Adopt A Nest To Help Hornbills – The Hornbill Nest Adoption Program

Nature Conservation Foundation (NCF) – To protect hornbills and their nesting habitat in forests around fringe villages outside Pakke Tiger Reserve with Nyishi community members working as Nest Protectors. Adopt a hornbill nest and become a hornbill parent

by Nature Conservation Foundation

About the fundraiser:

The Hornbill Nest Adoption Program (HNAP) is a community-based conservation initiative that was started in 2012 to protect hornbills and hornbill nest trees/habitat in the Papum Reserve Forest which is contiguous with Pakke Tiger Reserve in Arunachal Pradesh. The program is based on the concept of “shared parenting”: citizens adopt hornbill nests and local people employed as Nest Protectors monitor and protect hornbill nest trees to ensure successful breeding. Donors are known as ‘Hornbill Parents’. Of course, the real hornbill parents still do all the hard work and we just help them along a bit.

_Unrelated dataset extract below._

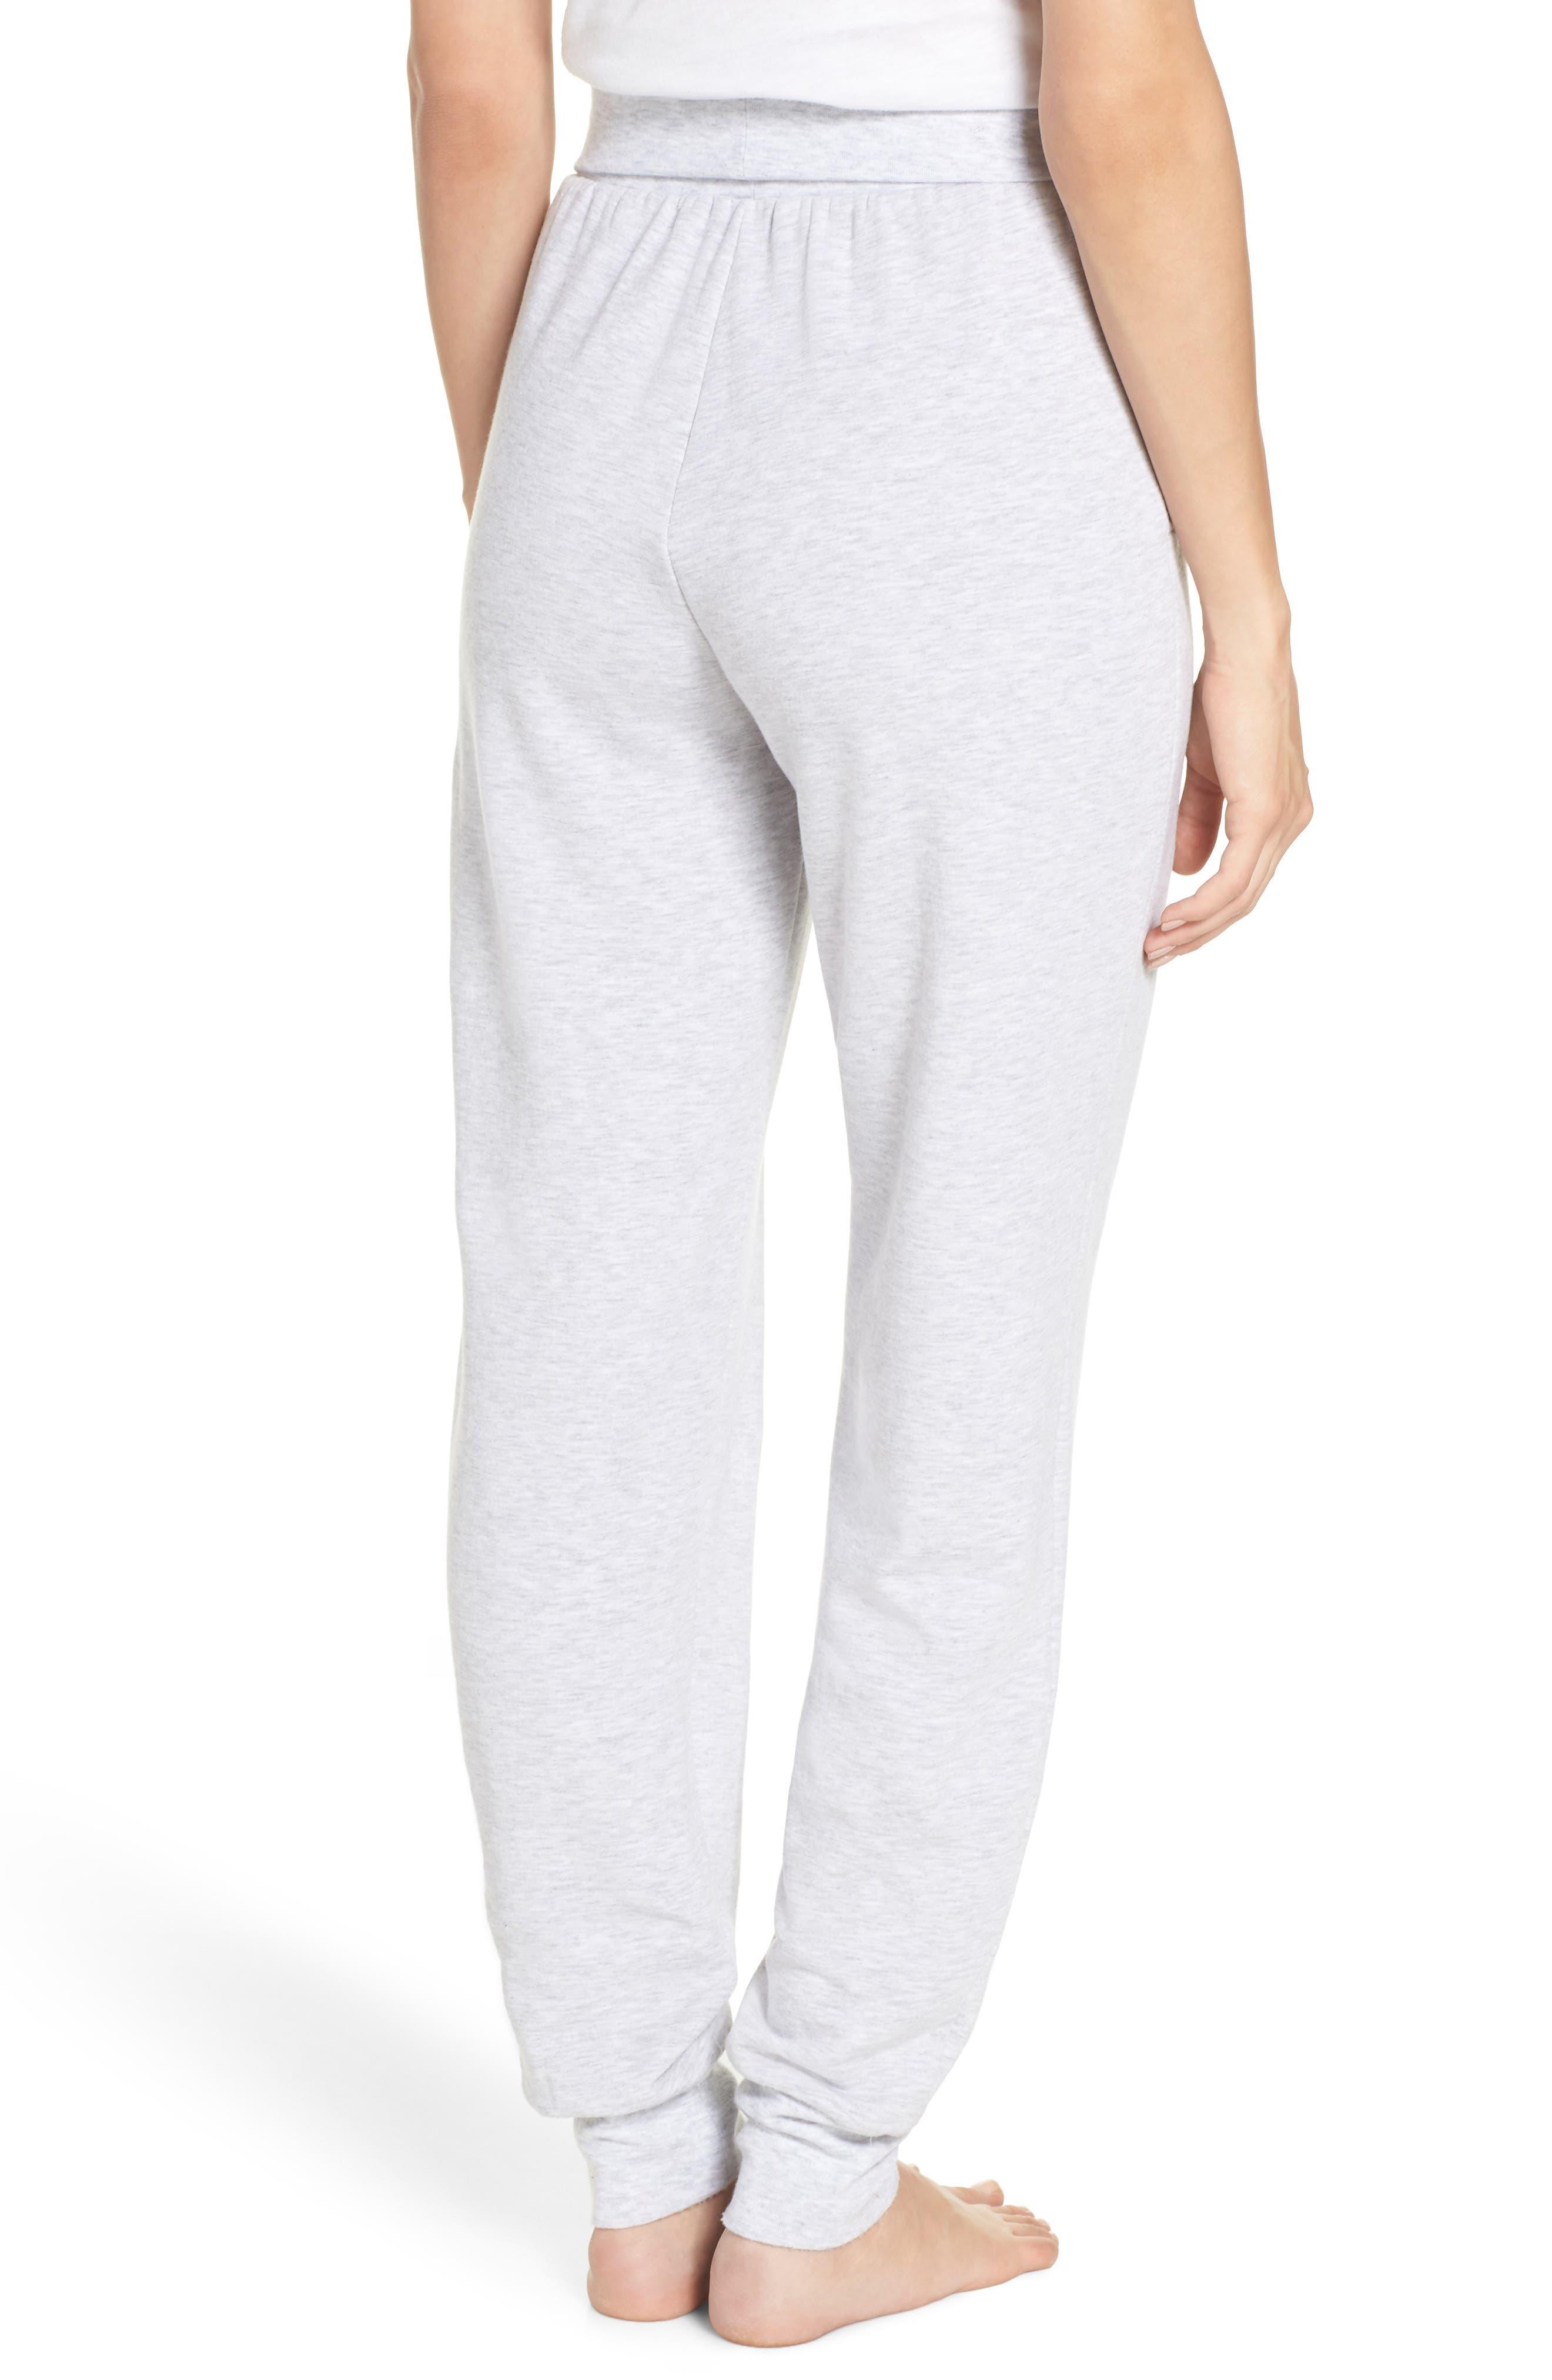 Jogger Pajama Pants,                             Alternate thumbnail 2, color,                             020

Hornbills are secondary cavity nesters, therefore the availability of suitable cavities for nesting can be a limiting factor for hornbill populations. Hornbill pairs invest a lot of time and effort in breeding. The female hornbill seals herself in the cavity for 3-4 months (depending on the species) while food is brought by the male. They are vulnerable to human disturbance during this time. This makes it important to monitor and protect hornbill nests during the breeding season. There are three hornbill species in the lowland forests in this area – the Great Hornbill, Wreathed Hornbill and the Oriental Pied Hornbill. A fourth species, the Rufous-necked Hornbill is rarely seen here and found in the higher elevation forests.

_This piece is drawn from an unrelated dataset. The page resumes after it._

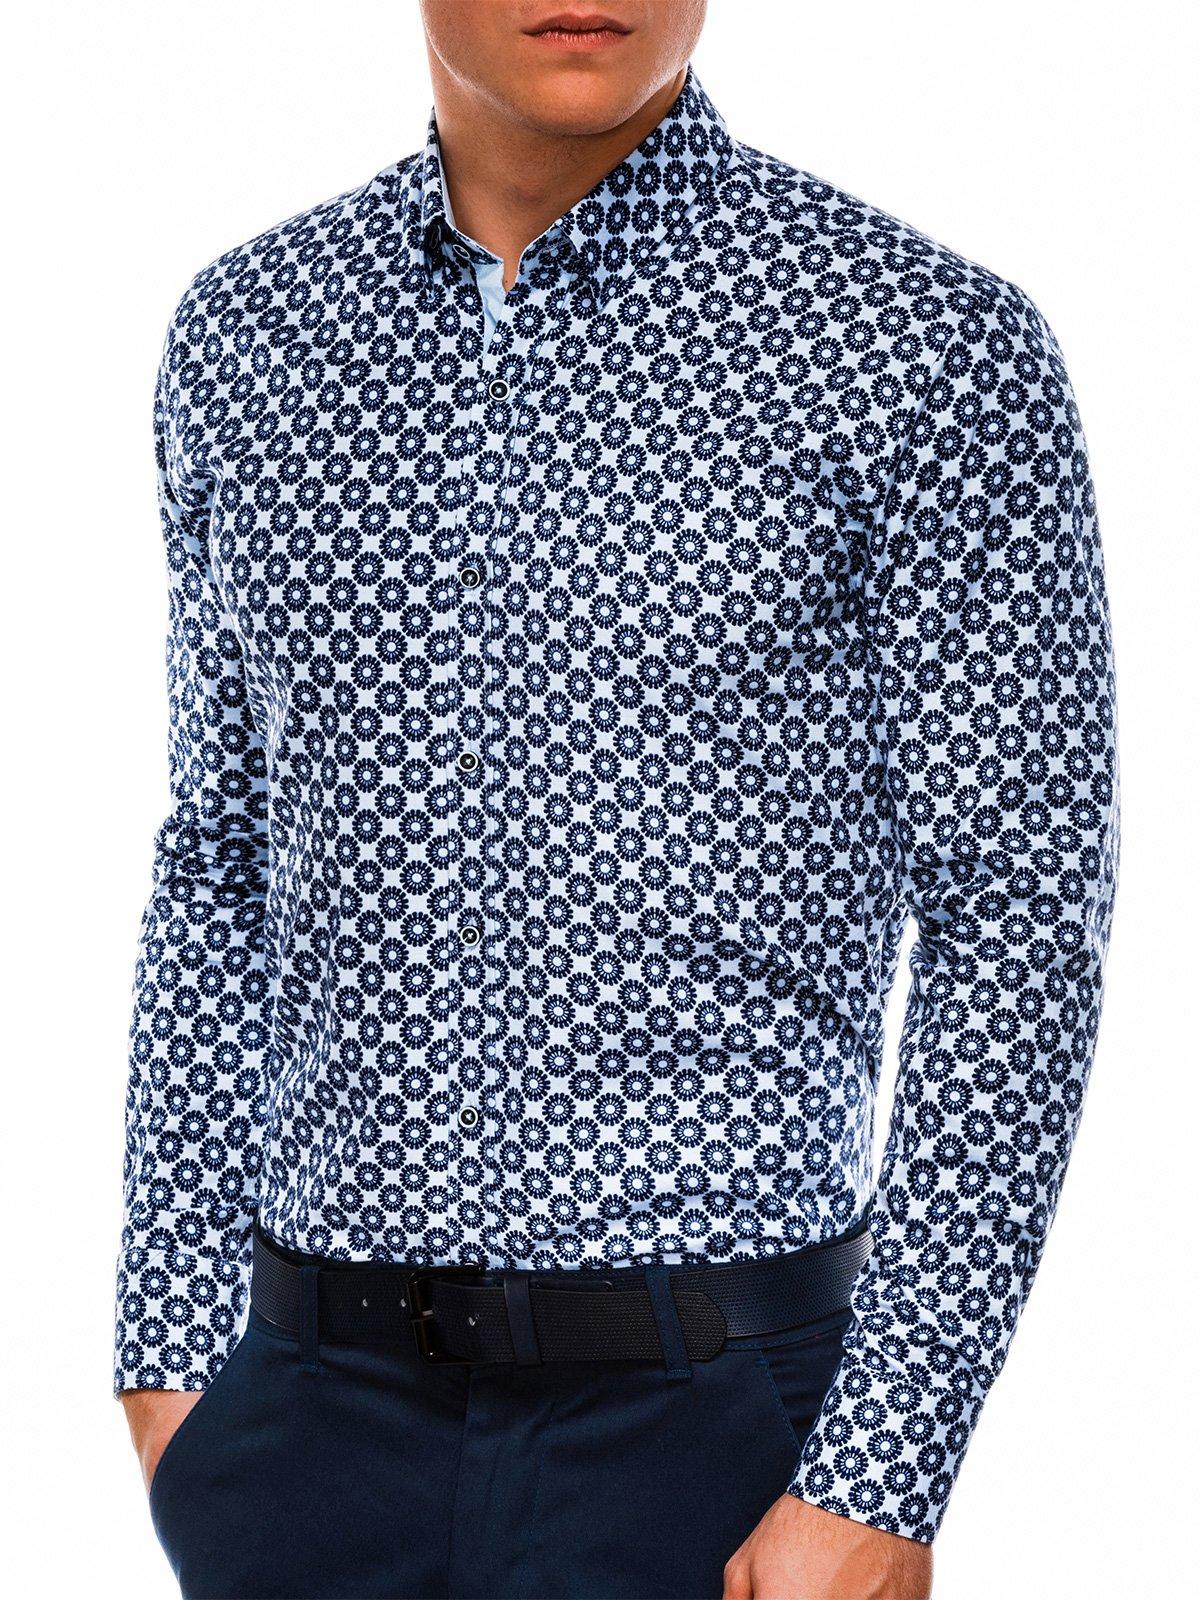 Купить со скидкой Сорочка чоловіча елегантна з довгим рукавом K499 – блакитна/темно-синя

To ensure the protection of the three lowland hornbill species and their nest trees, the HNAP currently employs 11 Nest Protectors who belong to the local Nyishi tribe. The nest protectors locate hornbill nests in January-February and monitor them through the breeding season (March to August). They monitor hornbill roost sites and walk transects in the Reserve Forest to count hornbills and other wildlife in the non-breeding season. From 2012-2020, through the HNAP, 152 hornbill chicks have successfully fledged from their nests which includes 35 Great Hornbill, 20 Wreathed Hornbill and 97 Oriental Pied Hornbill chicks.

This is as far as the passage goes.